Yes. This is known as disease "regression," and it is most common in moderate ROP (Stage 1 and 2). It can also occur in more severe ROP, although even when the aberrant blood vessels disappear, there may still retinal scarring that must be continuously monitored.

    4. Does ROP always happen in both eyes?

Both yes and no: While this condition usually affects both eyes, it might be more severe in one than the other. Doctors may occasionally need to treat only one eye.

    5. How accurate is ROP screening?

According to the American Academy of Pediatrics, which establishes screening criteria, retinal examinations performed by a pediatric ophthalmologist may detect the illness with roughly 99 % accuracy.

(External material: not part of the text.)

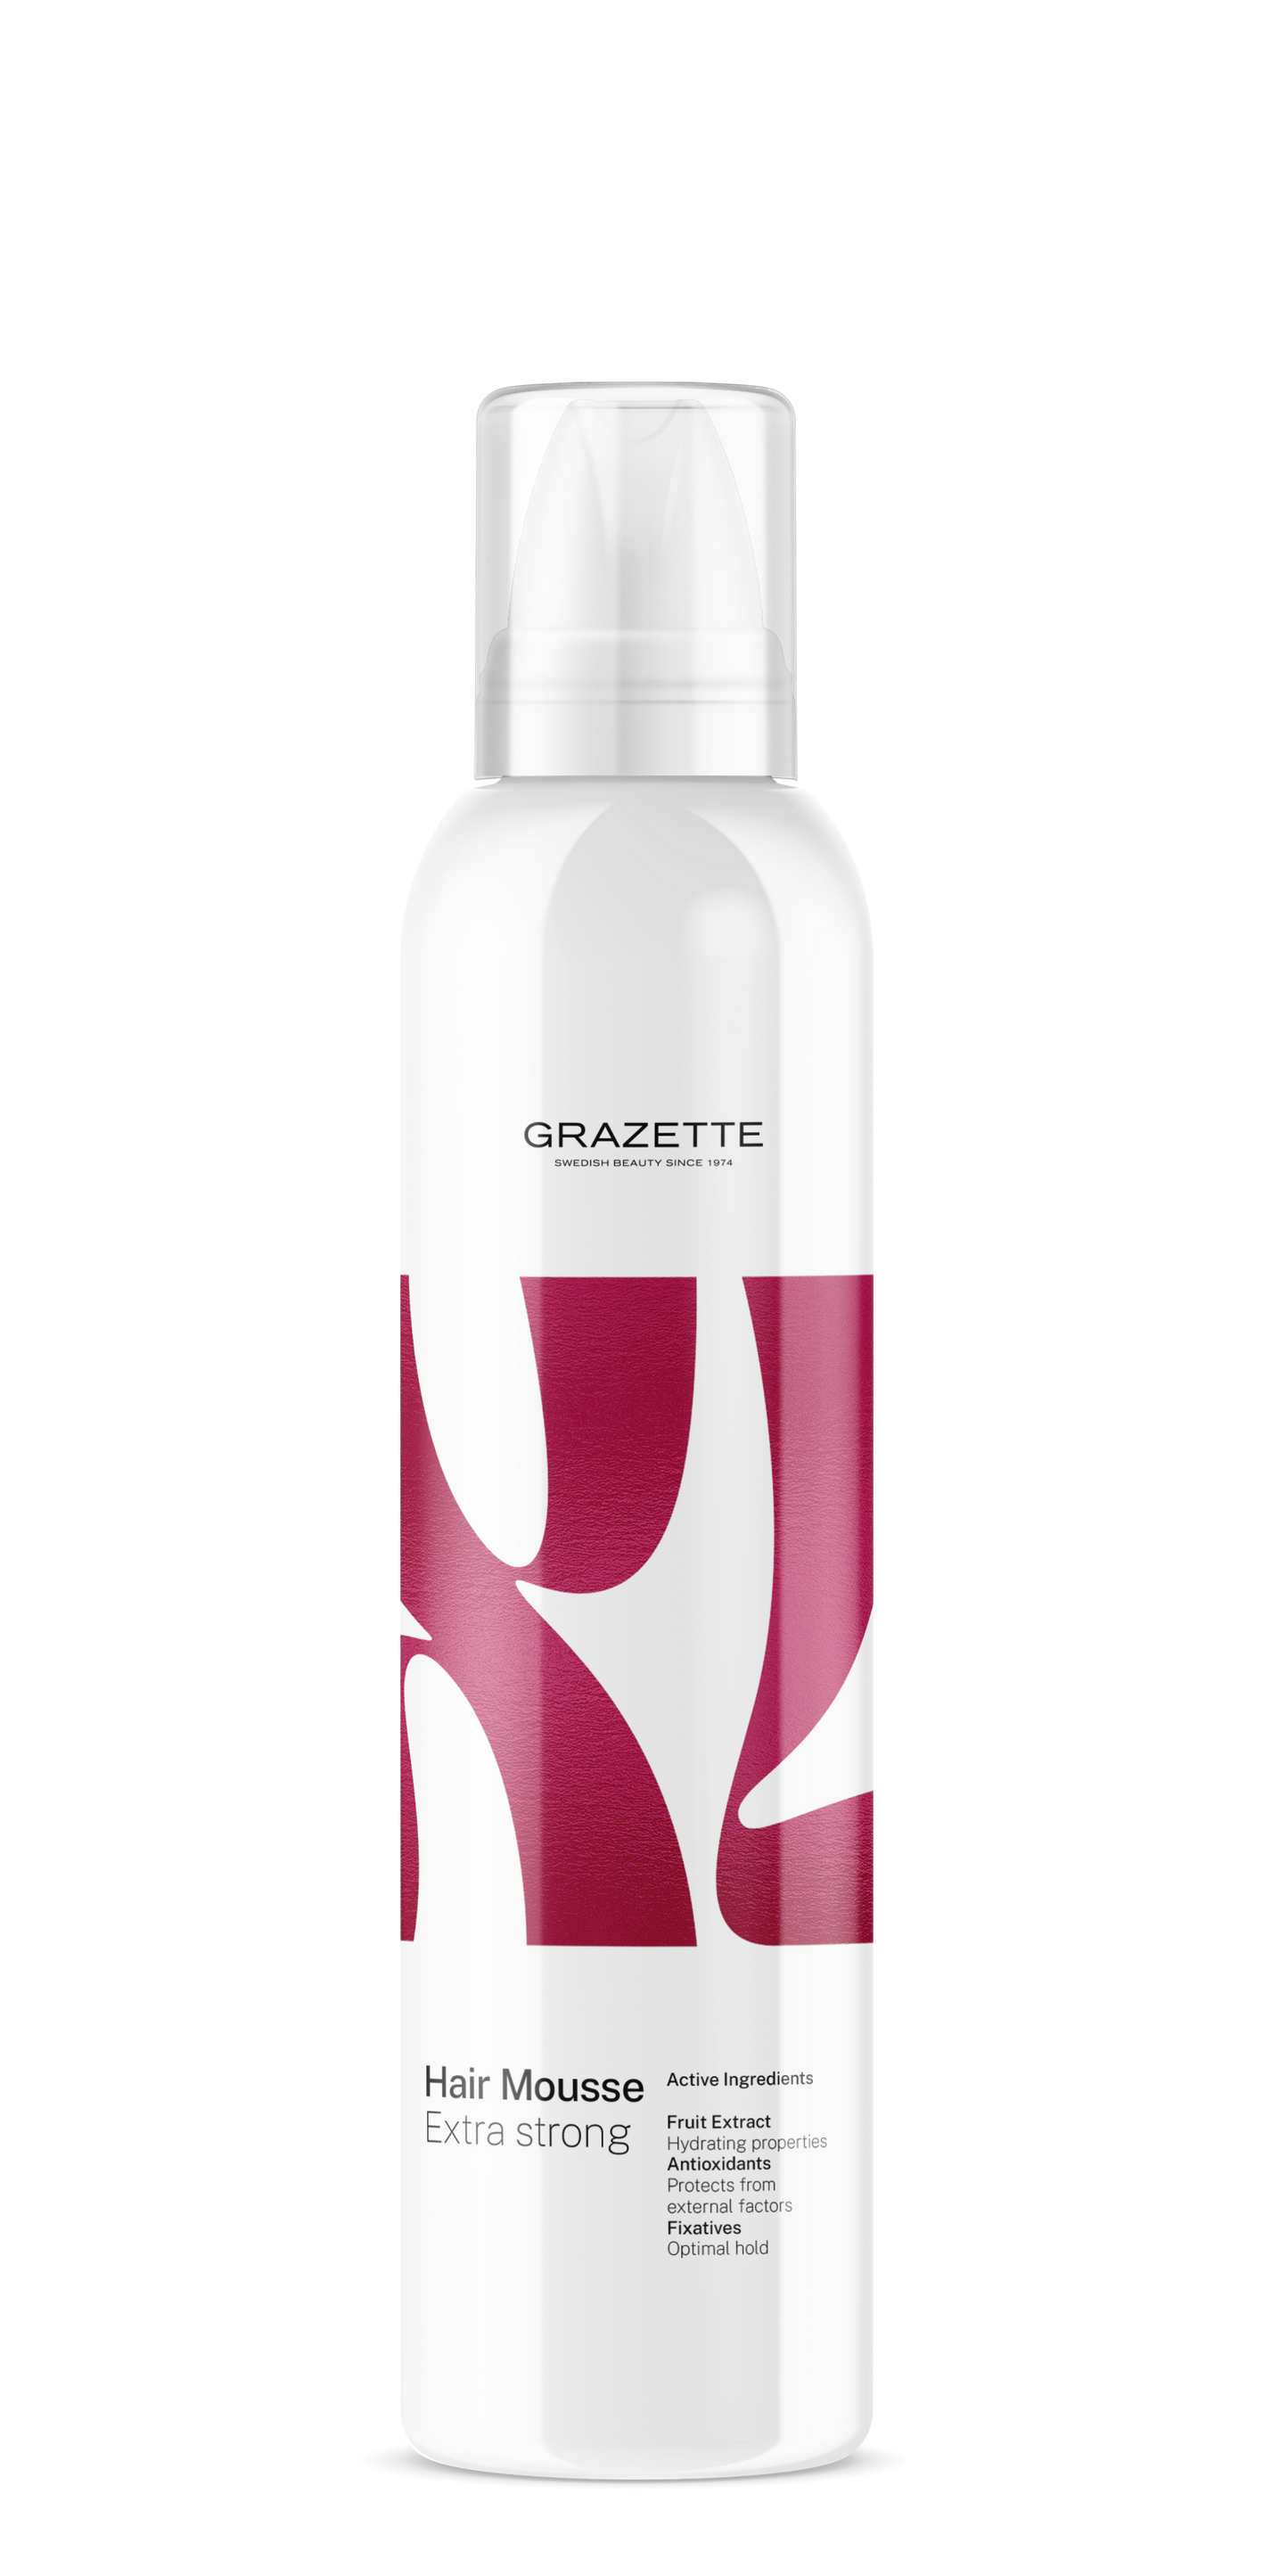 XL HAIR MOUSSE EXTRA STRONG 300ml

    6. Does a diagnosis of ROP mean my baby has to stay in the hospital longer?

Because ROP screening does not begin until a preterm newborn is four to nine weeks old, your kid may be released from the NICU before his first screening check. If he is diagnosed with ROP while still in the NICU, you should be able to take him home on time. Through follow-up tests, your physicians will monitor how his ROP evolves and decide whether to treat it.

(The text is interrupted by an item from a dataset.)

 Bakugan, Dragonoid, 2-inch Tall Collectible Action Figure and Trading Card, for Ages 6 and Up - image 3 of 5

    7. How is ROP treated?

Laser treatment or cryotherapy (freezing) can help reduce or correct aberrant blood vessel formation; nevertheless, in the most severe cases of ROP, ocular surgery may be required. There are currently no FDA-approved treatments to treat ROP, while various therapies are being researched.

    8. What are the possible complications of ROP?

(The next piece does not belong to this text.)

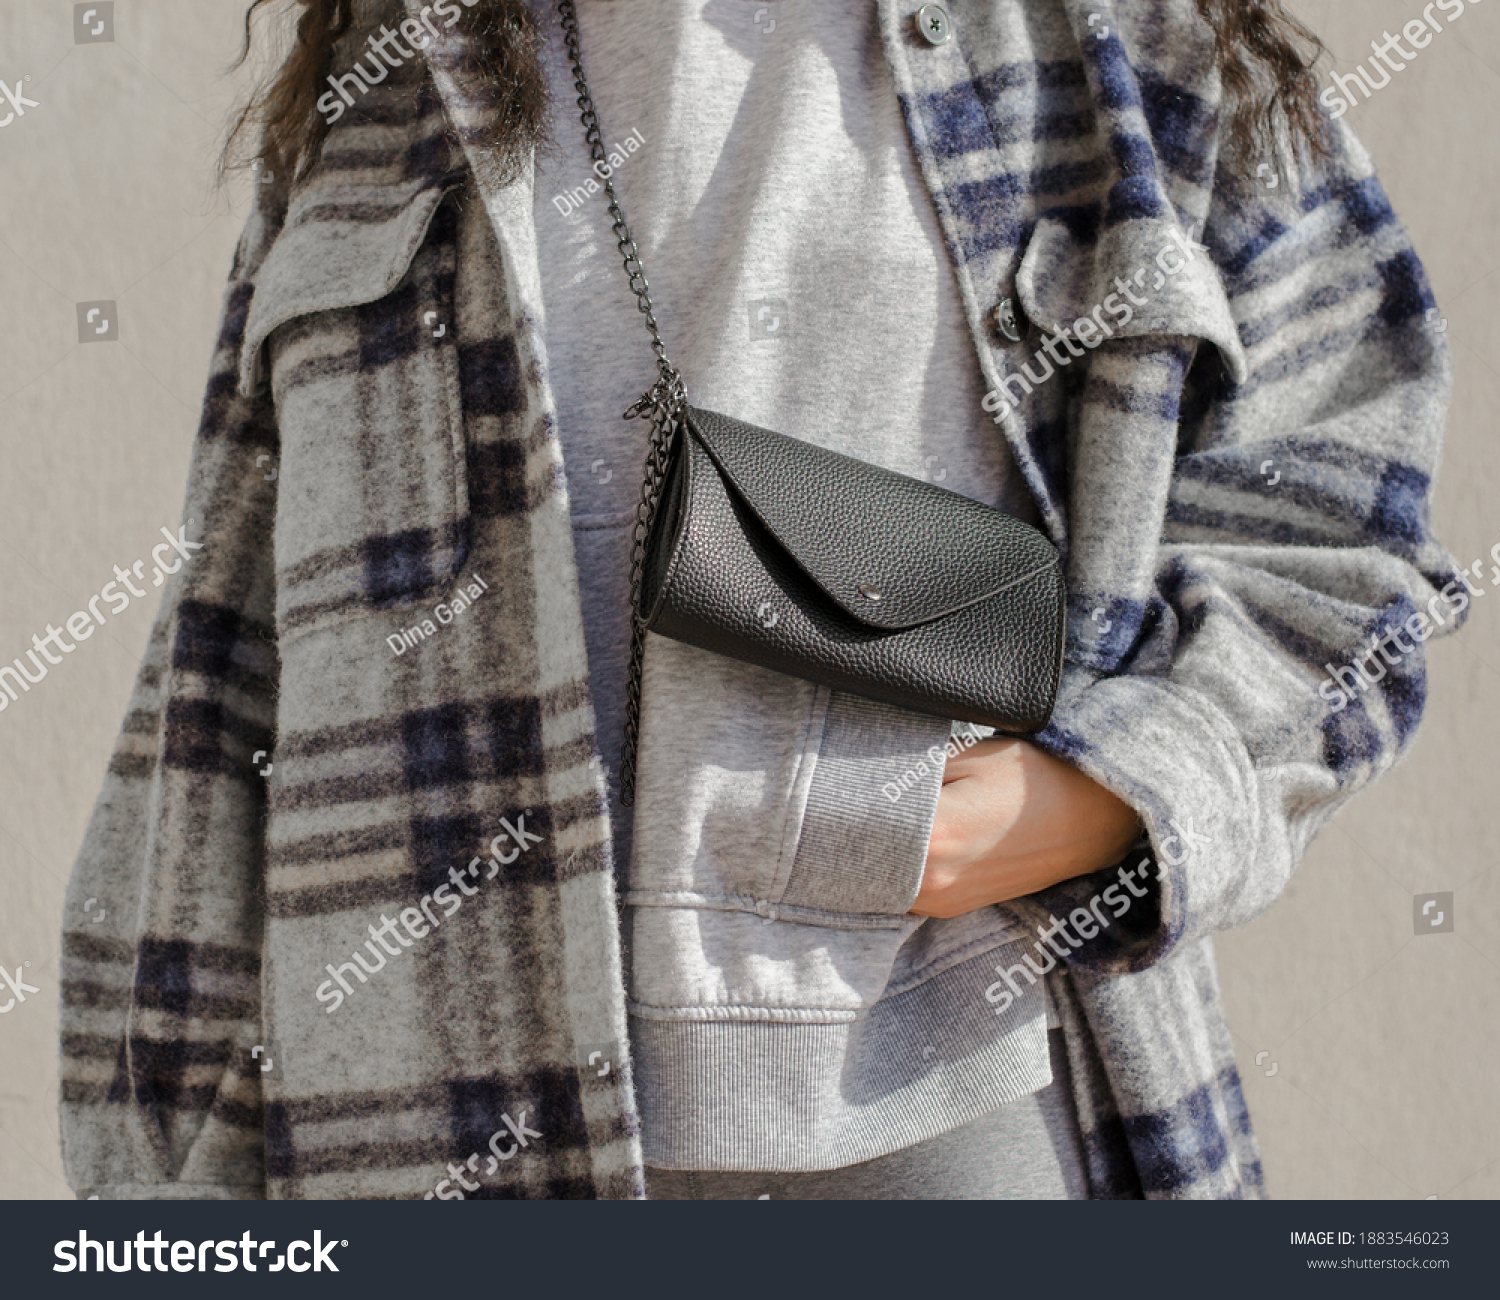 Woman wearing plaid trendy jacket on a gray hoodie with a black leather bag with her hand in her pocket. #1883546023

Approximately 10% of premature newborns will require medical treatment, such as laser therapy (photocoagulation). However, not all newborns respond to therapy, and if the ROP worsens, it can lead to issues such as:

  • Scarring and/or dragging of the retina
  • Retinal detachment
  • Bleeding inside the eye (vitreous hemorrhage)
  • Cataracts
  • Blindness

The remaining 90% of newborns have a moderate form of ROP that normally cures on its own within the first few months of life. These youngsters, however, may be more likely to develop certain eye disorders later in life, such as myopia (nearsightedness), strabismus (crossed eyes), amblyopia (lazy eye), and glaucoma.

    9. Can ROP be prevented?

Because the actual etiology of retinopathy of prematurity is unknown, prenatal treatment is the greatest way to lower the risk of preterm delivery. Although doctors cannot prevent ROP, they can help reduce its most severe consequences via thorough screening and treatment.



Retinopathy of prematurity (ROP) is a condition in which aggressive new blood vessels (neovascularization) grow in the retina, causing blindness in preterm children with low birth weight and possibly progressing to retinal detachment. At a certain degree of severity, retinopathy of prematurity provides a significant risk of irreversible vision loss, necessitating laser therapy. In most situations, ROP laser therapy eliminates the illness by causing the aberrant blood vessels to vanish.